CNET hears that Apple's skinny notebook will get a refresh at a planned press event Wednesday.

The MacBook Air will be introduced in a smaller size and with a lower price next week, according to our source. CNET

Apple is expected to introduce a new, smaller MacBook Air at a press conference next week.

Everything about the new Air will be smaller, including the price. The exact final price isn't known right now, but it will be "significantly lower" than the current $1,499 starting price, said a source familiar with the event's agenda. We're confident in our information, but the final details of Apple's announcement could change.

In terms of size, the new Air is described as "smaller and sleeker," but exact dimensions were not known. The current rumor of an 11.6-inch screen may be correct or very close. We do know Apple will introduce the Air at a screen size below 13.3 inches, but likely above the 9.7-inches of the iPad.

That may make sense, as laptops with 11.6-inch screens have become more common in recent months, starting with $399 single-core premium Netbooks, and expanding into dual-core ultraportable laptops such as the Dell Inspiron M101z , which can cost upwards of $500.

According to the source, the new Air will sport an older version of Intel's Core processor, and the spec sheet will list Nvidia's MCP89 chipset. Interestingly, the current $999 13-inch MacBook uses an older Intel Core 2 Duo CPU with the same MCP89 chipset, rather than the newer Core i5/i7 chips found in the MacBook Pro models. Apple will also show that the new MacBook Air has a longer battery life. Unconfirmed is whether the Air will have "instant-on" capabilities similar to the experience of using the iPad, and a touch screen.

Even though it's not the hottest product category for Apple right now in terms of buzz, there are a lot of Macs being sold these days. Two days ago IDC announced that Apple had grabbed a 10.6 percent share of the U.S. PC market during the third quarter, the highest for the company in recent memory.

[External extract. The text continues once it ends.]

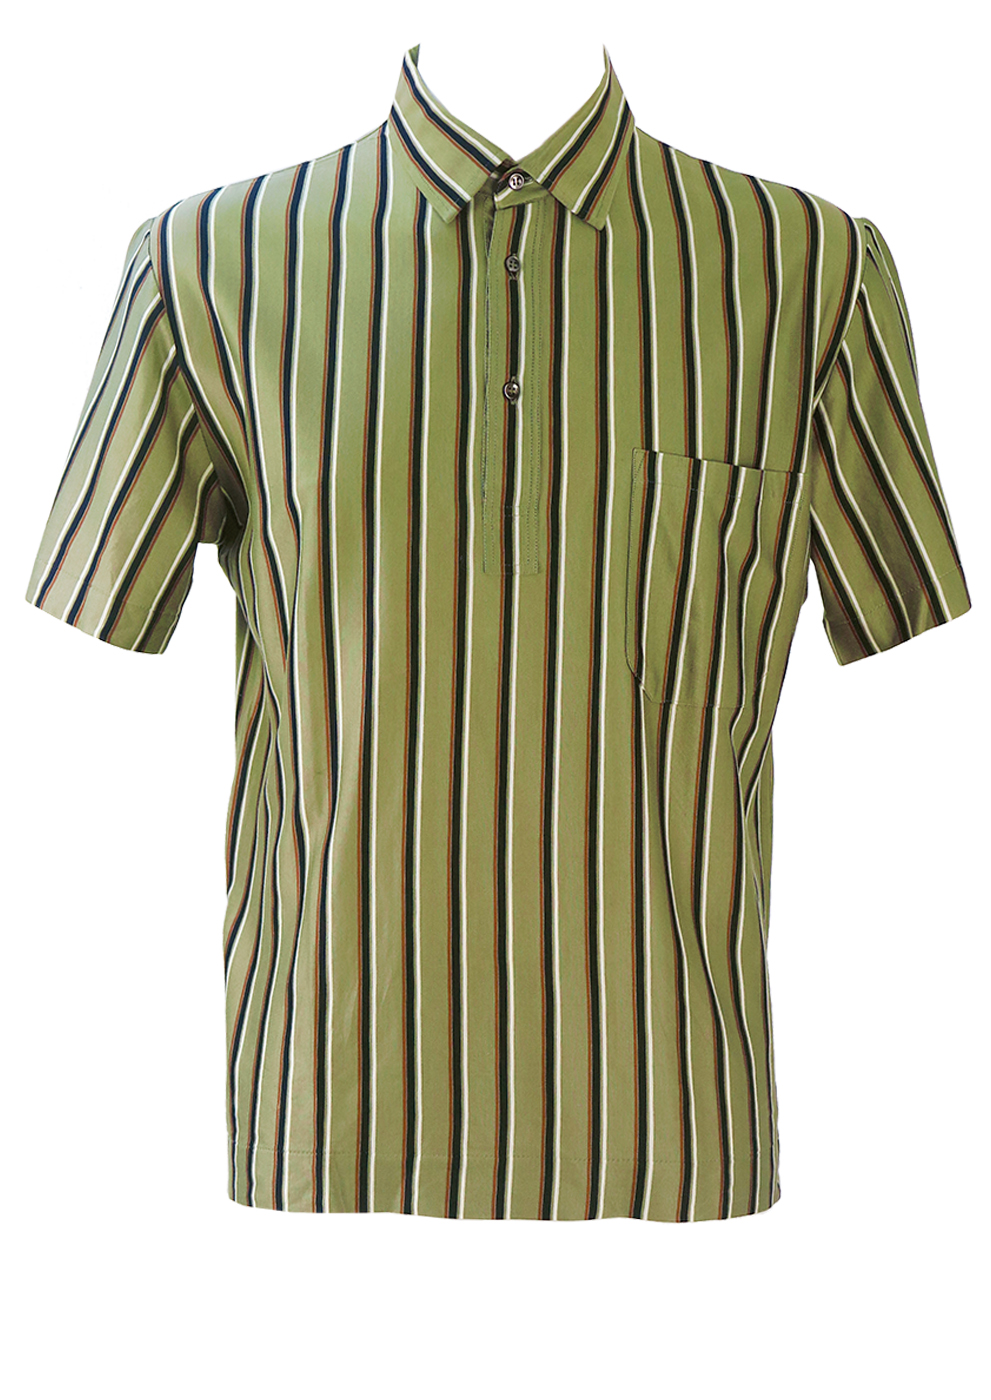 Olive Green Italian Mod Polo Shirt with Navy Blue, Brown & White ...

With that momentum, Apple will want to signal it has no intention of drawing sales away from its laptop lineup with its iPad--especially because the average selling price of its laptop lineup is over $1,000 and the average selling price for an iPad hovers somewhere around $600.

Despite the new market being born out of the touch-screen iPad , Apple will want to stress that the iPad and super-light and portable MacBook Air are different use cases and refreshing the Air--and perhaps other Macs--on Wednesday allows Apple to flesh out for us where it really sees the Air fitting in to its lineup.

When it was initially introduced, besides its unusually sleek design for a laptop, Apple stressed the thinness and the lightness of the device. The initial price, at $1,799, reflected that. But this was before the lighter, more portable, and lower-priced iPad, and before a slew of Air copycats, some of which have managed to make PC versions that are priced much lower .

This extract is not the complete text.